The stopping reason can be:

  • n_max reached if the confidence level was not reached.

  • confidence reached with status OK if the confidence was reached and the hypothesis was fulfilled.

  • confidence reached with status NOK if the confidence level was reached and the hypothesis was not fulfilled.

Example

from drama import sara
from drama.monte_carlo import Gaussian
config = {'el1': Gaussian(mu=6700, sigma=2.5)}
results = sara.run_monte_carlo_with_wilson_confidence(config=config,
    confidence_level=95.)
drama.sara.get_progress(run_mode, rundir_path)

Retrieves the current progress of SARA, when the reentry_tmp_path already exists

drama.plot_sara.plot_histogram(results, target='total_casualty_x_section', plotfile_name='histogram', x_label=None, framework='DRAMA')

Generates the histogram of the ‘target’ variable from the provided ‘results’ from SARA.

Parameters:
  • results (list) – List of dict of SARA results. Each dictionary must contain the ‘target’ key.

  • target (str) – The target variable

  • plotfile_name (str) – file name (without extension) for the output file.

  • x_label (str) – label for the x axis

  • framework (str) – defines whether DRAMA or DMF is using the wrapper.

Note

Creates a {plotfile_name}.png file containing the histogram plot for the ‘target’ variable.

drama.plot_sara.plot_cdf(results, target='total_casualty_x_section', plotfile_name='cdf', x_label=None, framework='DRAMA')

Generates the cumulative distribution function of the ‘target’ variable from the provided ‘results’ from SARA.

Parameters:
  • results (list) – List of dict of SARA results. Each dictionary must contain the ‘target’ key.
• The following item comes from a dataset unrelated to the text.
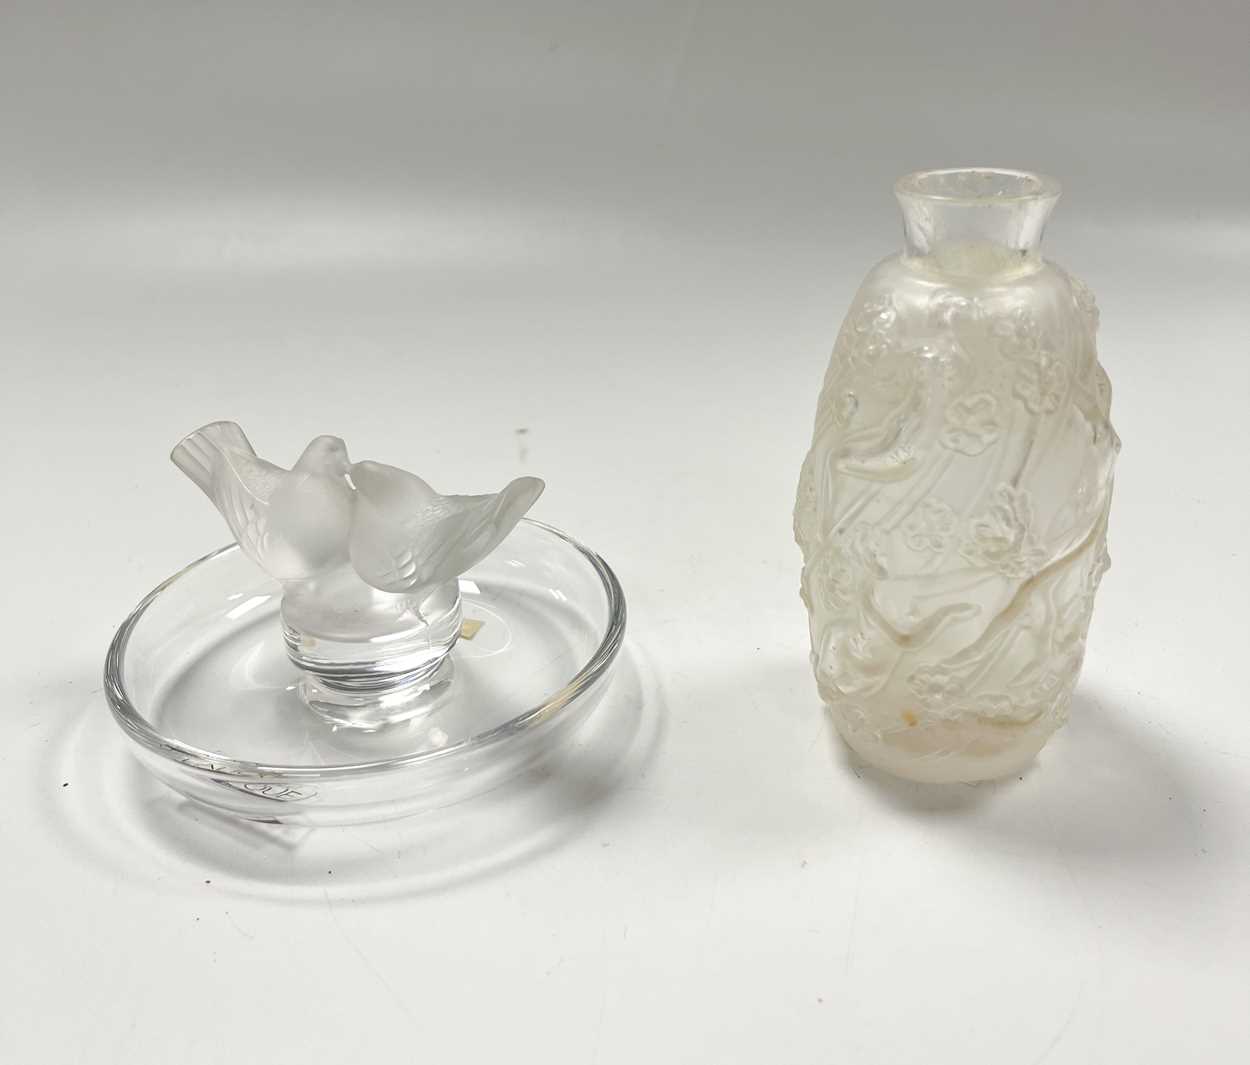 Femme Fleurs, a Lalique frosted glass bud vase, - Image 3 of 9

  • target (str) – The target variable

  • plotfile_name (str) – file name (without extension) for the output file.

  • x_label (str) – label for the x axis

  • framework (str) – defines whether DRAMA or DMF is using the wrapper.

Note

Creates a {plotfile_name}.png file containing the cumulative distribution function plot for the ‘target’ variable.
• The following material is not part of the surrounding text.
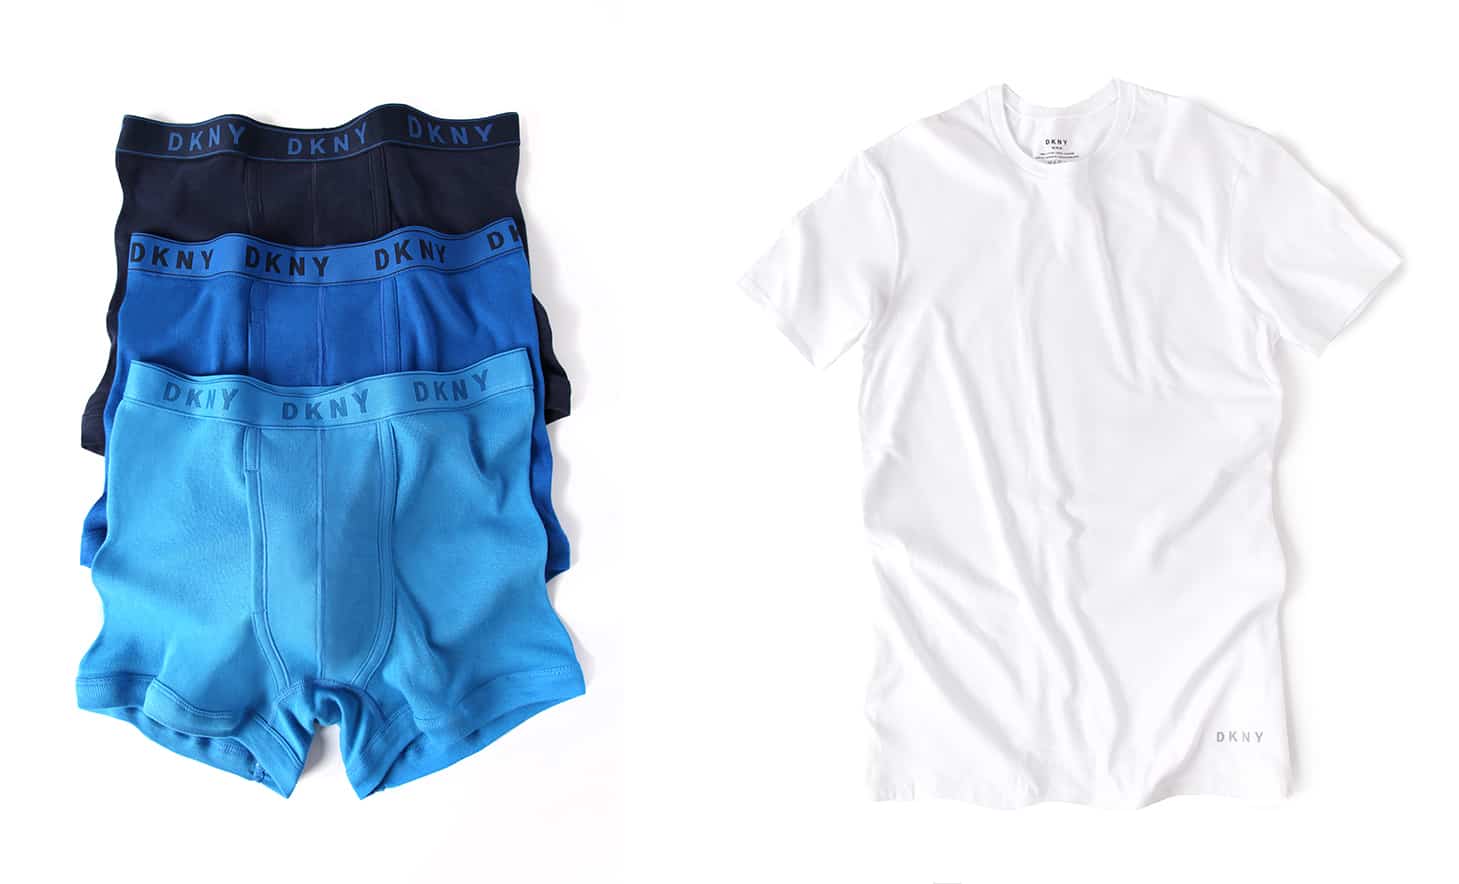 DKNY Licenses H. Best for Men's Underwear

drama.plot_sara.plot_heatmap(results, variables, target='total_casualty_x_section', plotfile_name='heatmap', x_label=None, y_label=None, framework='DRAMA')

Generates the Heatmap of the ‘target’ variable from the provided ‘results’ from SARA.

Parameters:
  • results (list) – List of dict of SARA results. Each dictionary must contain the ‘target’ key.
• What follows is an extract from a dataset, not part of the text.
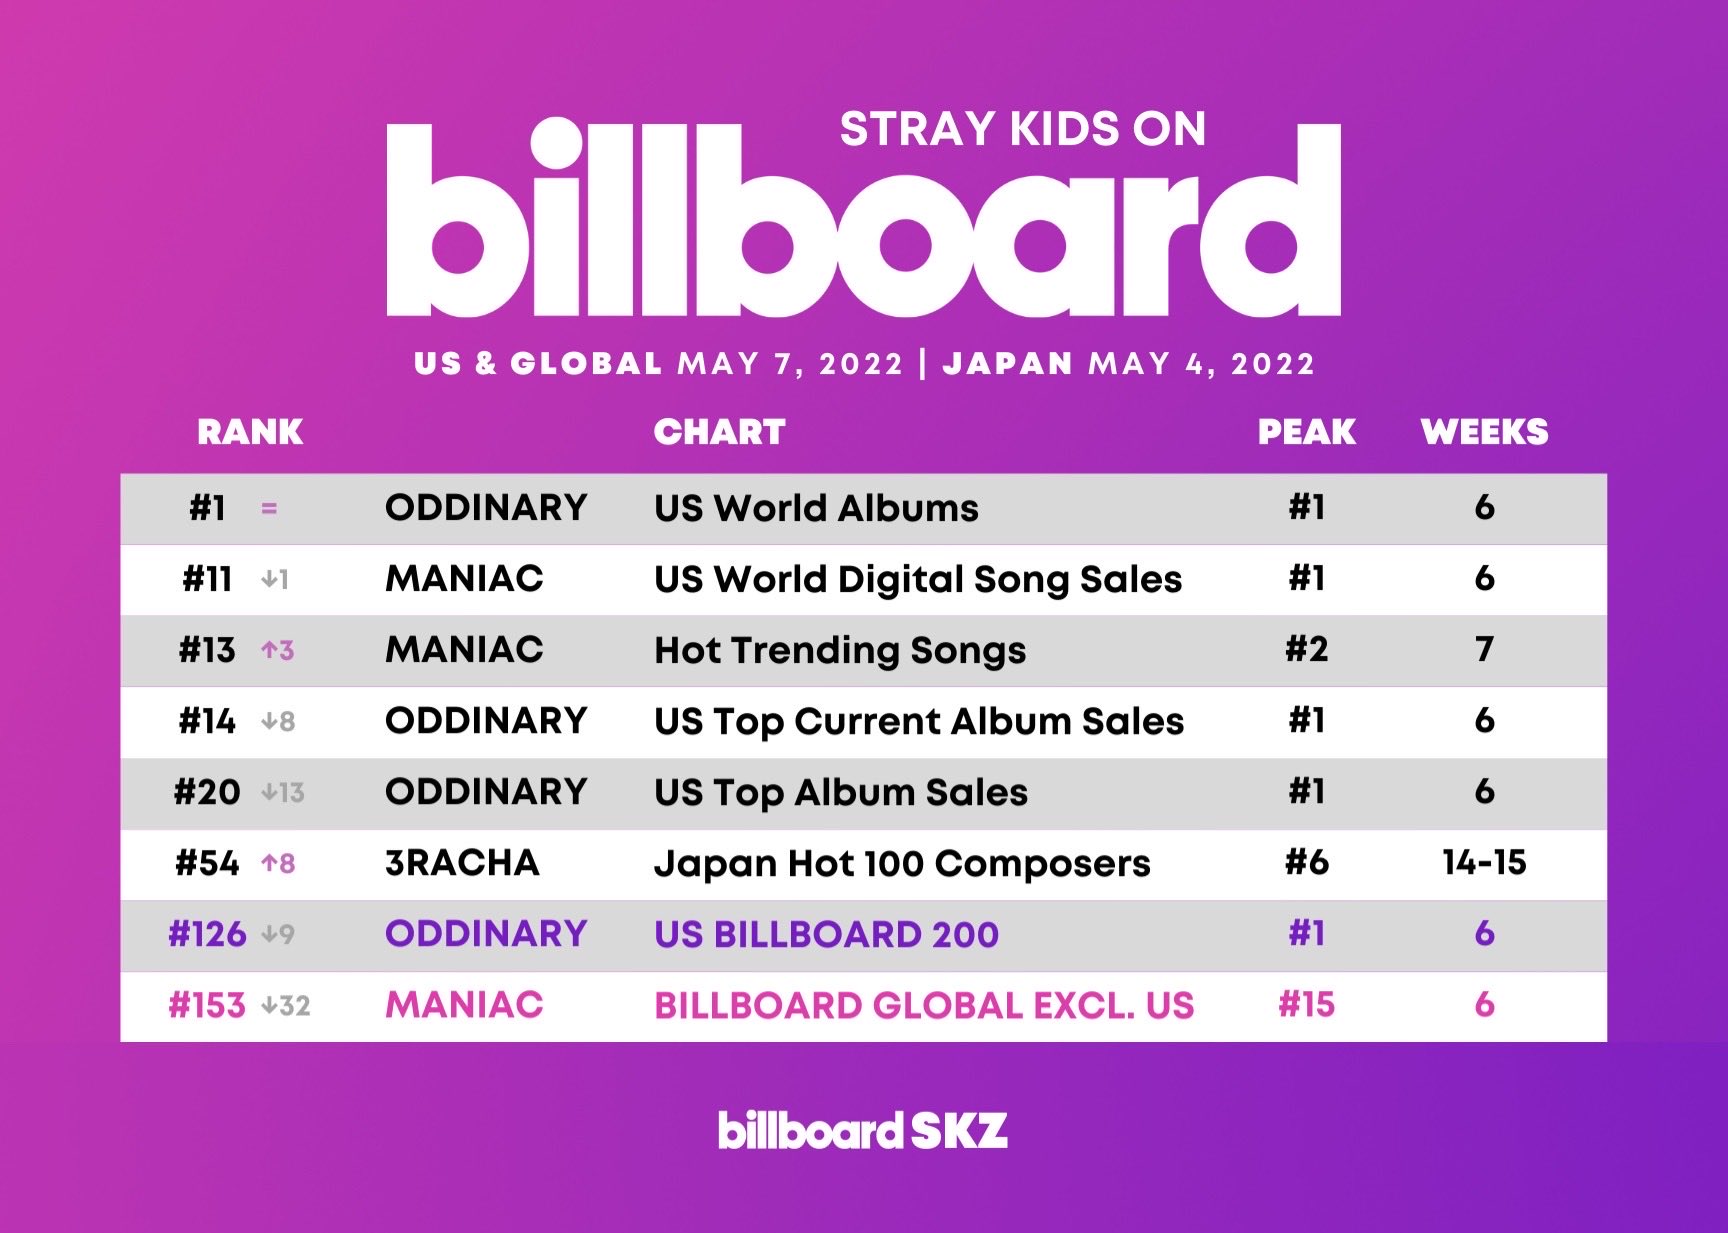 billboard SKZ on Twitter: "#StrayKids￼on Billboard charts this week (dated  May 7, 2022) @Stray_Kids @Stray_Kids_JP #스트레이키즈￼#スキズ #MANIAC_SKZ￼  https://t.co/6TBh5daXSr" / Twitter

  • target (str) – The target variable

  • plotfile_name (str) – file name (without extension) for the output file.

  • x_label (str) – label for the x axis

  • y_label (str) – label for the y axis

  • framework (str) – defines whether DRAMA or DMF is using the wrapper.

Note

Creates a {plotfile_name}.png file containing the heatmap plot for the ‘target’ variable.